Our original approach was to leverage the Implicit SPMD Program Compiler (ISPC) backend that Intel created for SPIRV-Cross, that allowed us to take our compiled SPIR-V compute shaders and generate ISPC code which we could then compile and execute on the CPU. The downside here is that while we still only had to author our compute operations once we did have to have a separate runtime environment to execute them and we faced limitations like the inability to use graphics features like texture samplers.

Swiftshader

Google’s Swiftshader is an implementation of Vulkan that runs on the CPU. While not as targeted at SPMD optimization as ISPC is it does expose the graphics elements of Vulkan so it gave us the flexibility to use texture samplers without writing our own implementation and allowed us to run our code completely unmodified on the CPU or the GPU. We did find some cases where certain operations were significantly slower than their ISPC counterparts on the CPU but we decided the reduced complexity was worth the cost to simply relegate such operations to the GPU exclusively.

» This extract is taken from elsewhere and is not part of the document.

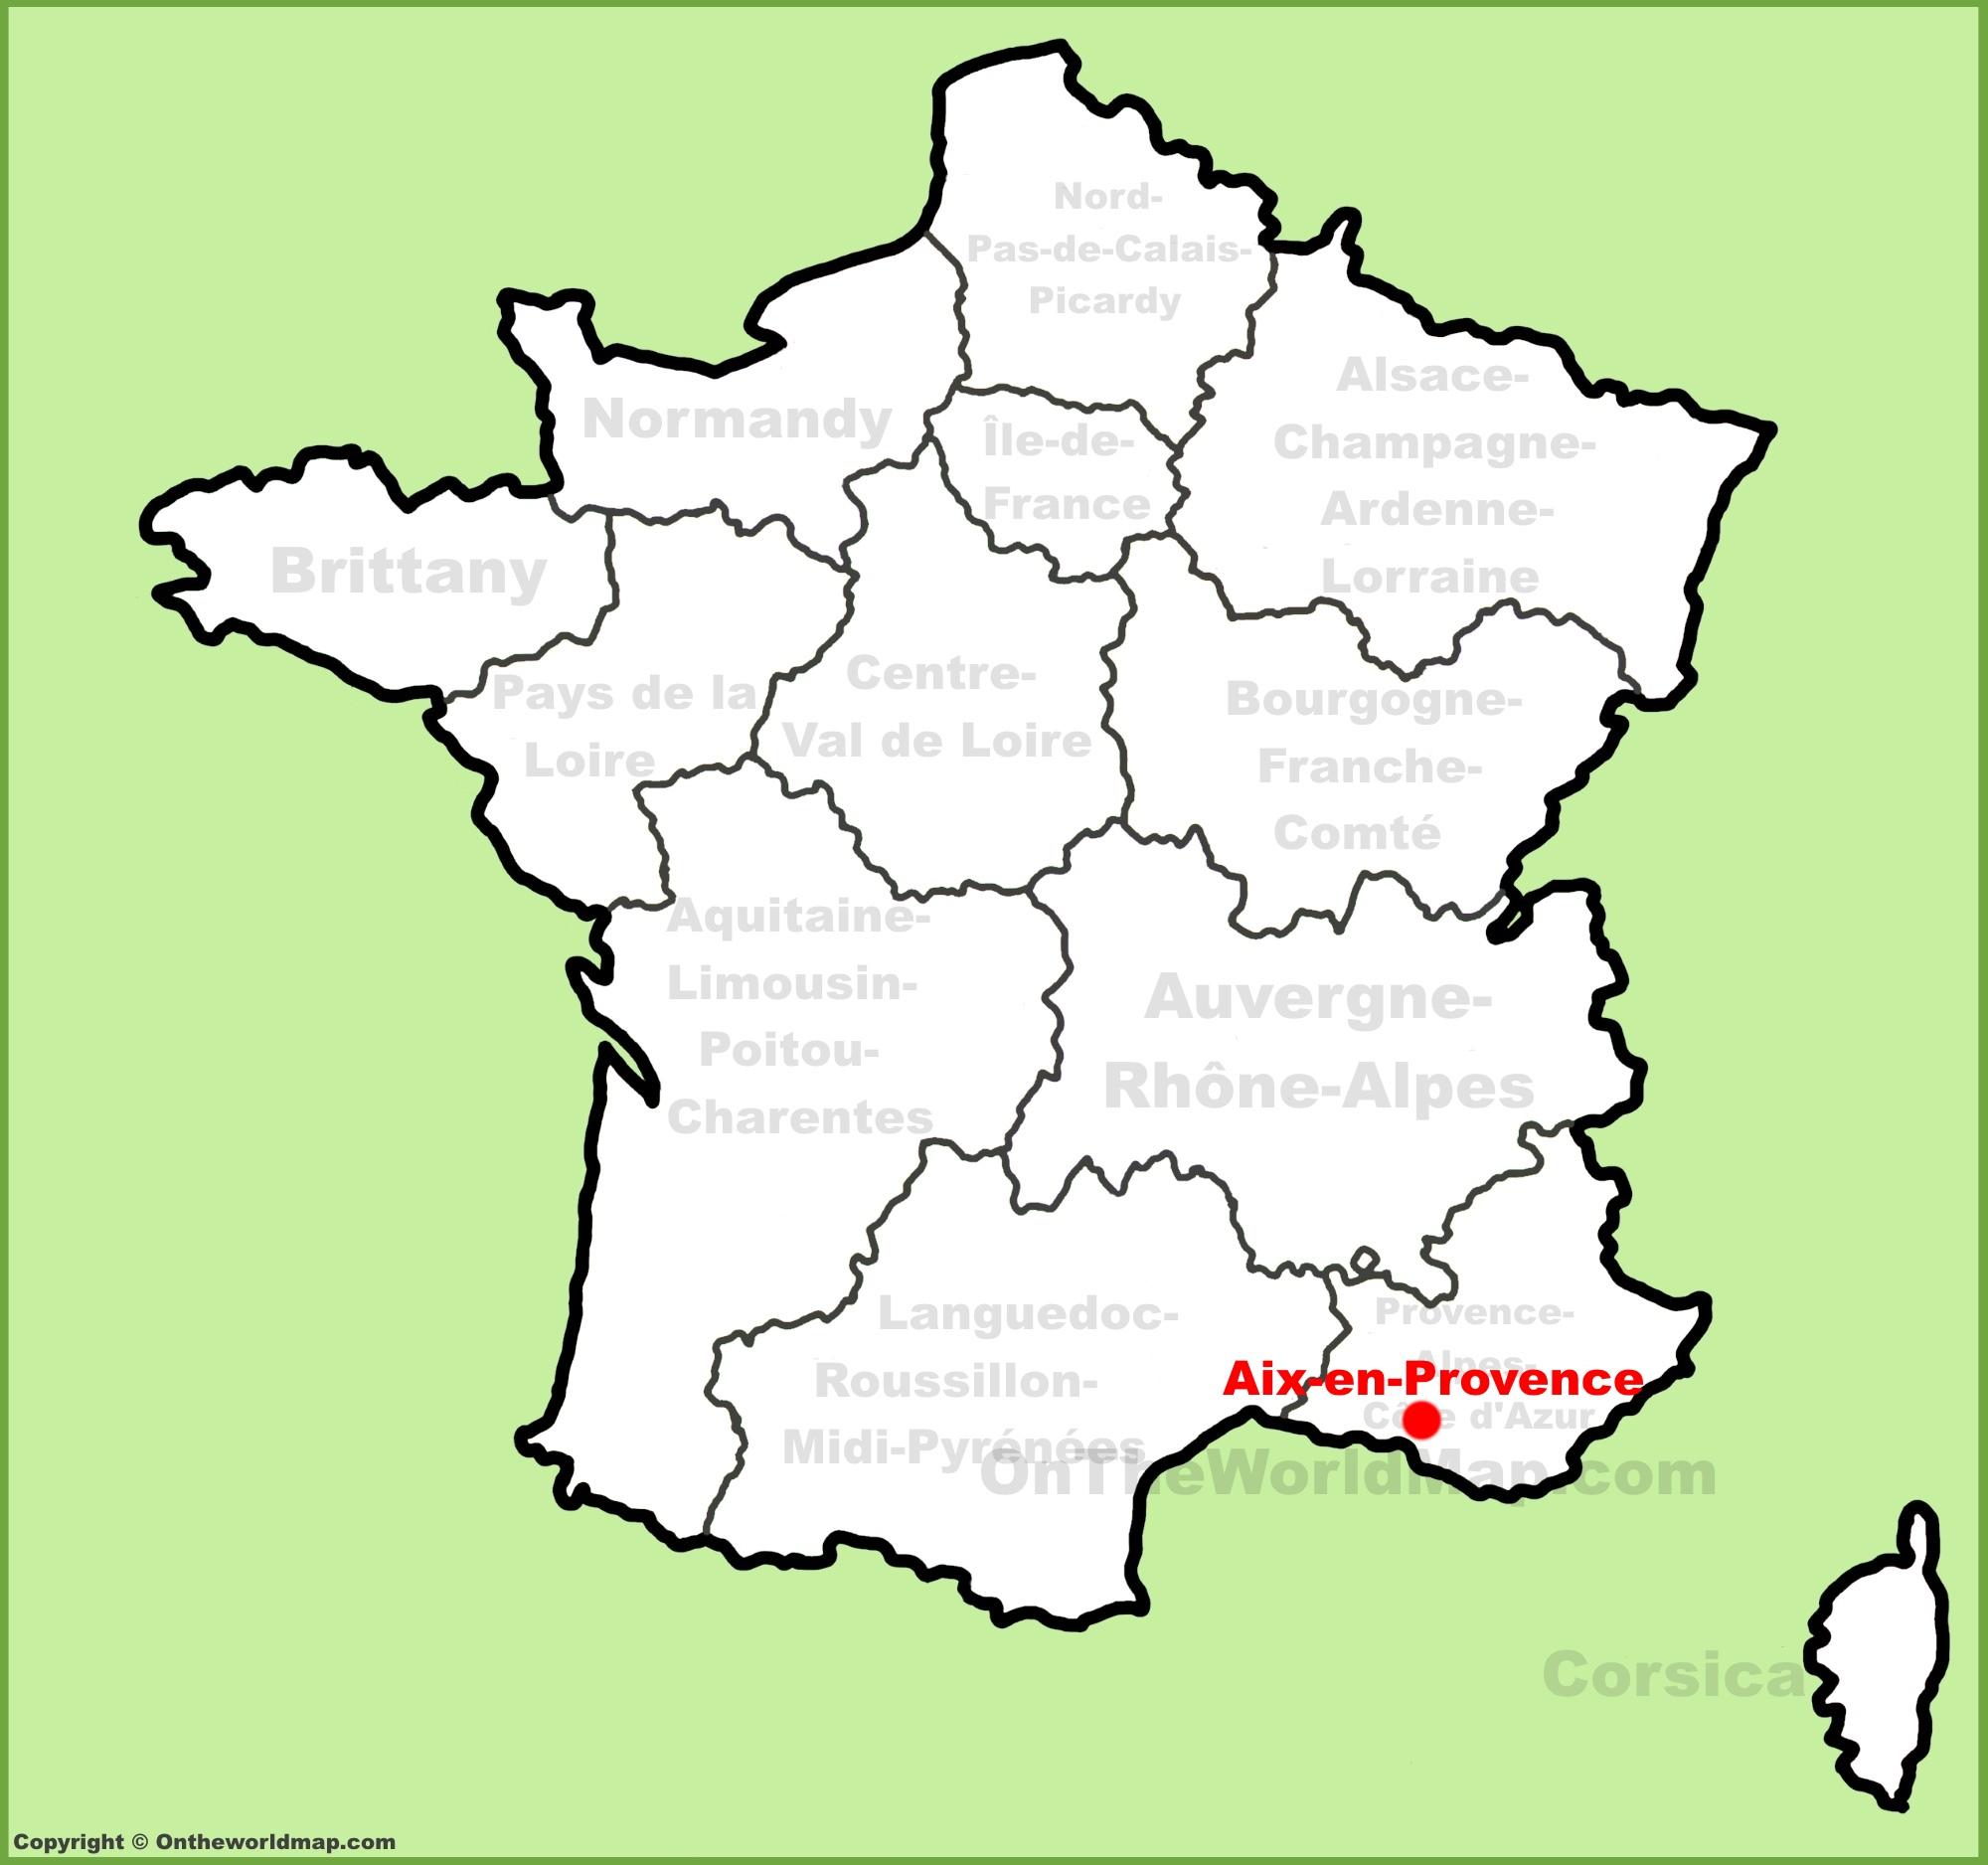 Aix En Provence Map Aix en Provence location on the France map Aix En Provence Map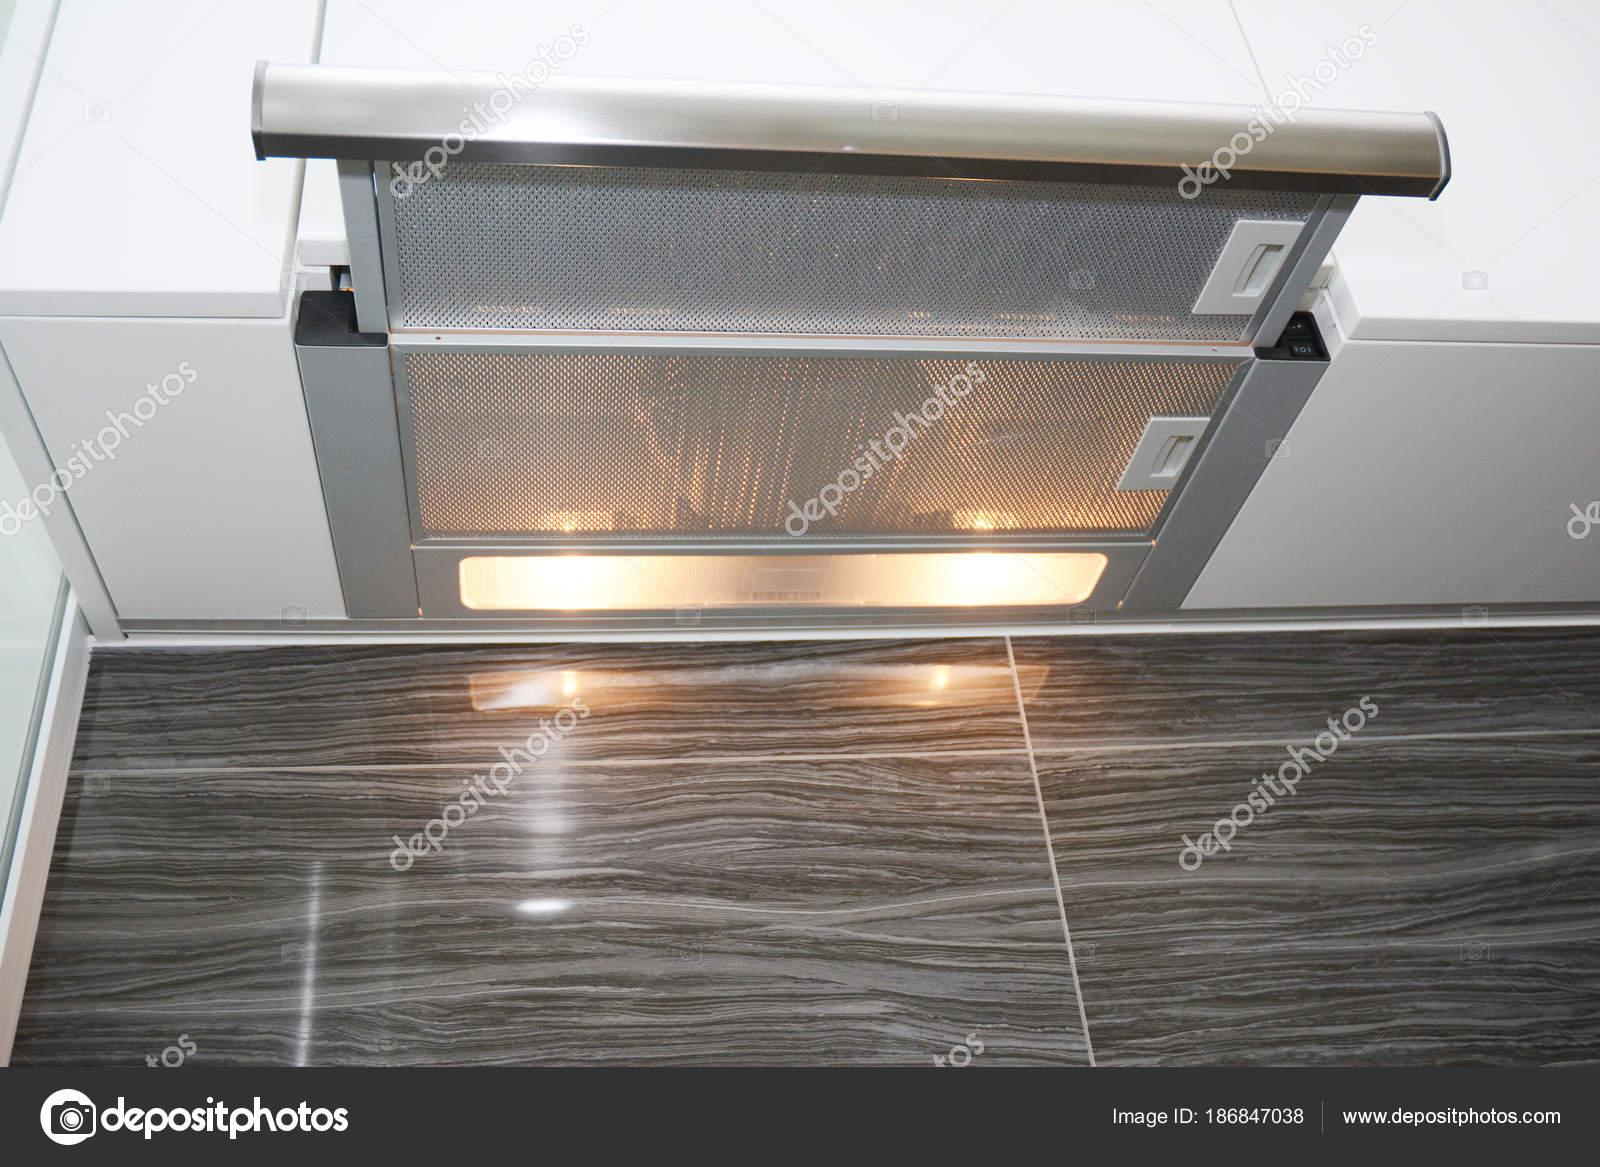 kitchen fan cover stonewall aioli 现代空气排厨房风扇或抽油烟机 不锈钢烟囱罩用金属管 图库照片

Heterogeneous Compute APIs

Given that our target is to generate renderables the ability to be so closely tied to an API supporting graphics felt advantageous though interop mechanisms in modern APIs like SYCL can achieve this to some degree. SYCL does remain an enticing prospect but access to GPU acceleration on Apple platforms, for example, is something Vulkan has afforded us out of the box thanks in no small part to the Vulkan Portability Initiative.

Conclusion

Vulkan has solved so many of our issues around GPU acceleration in particular the platform portability issues. The developer experience has seen improvements thanks to the variety of tools and platform support and we’ve only just scratched the surface in terms of potential optimization.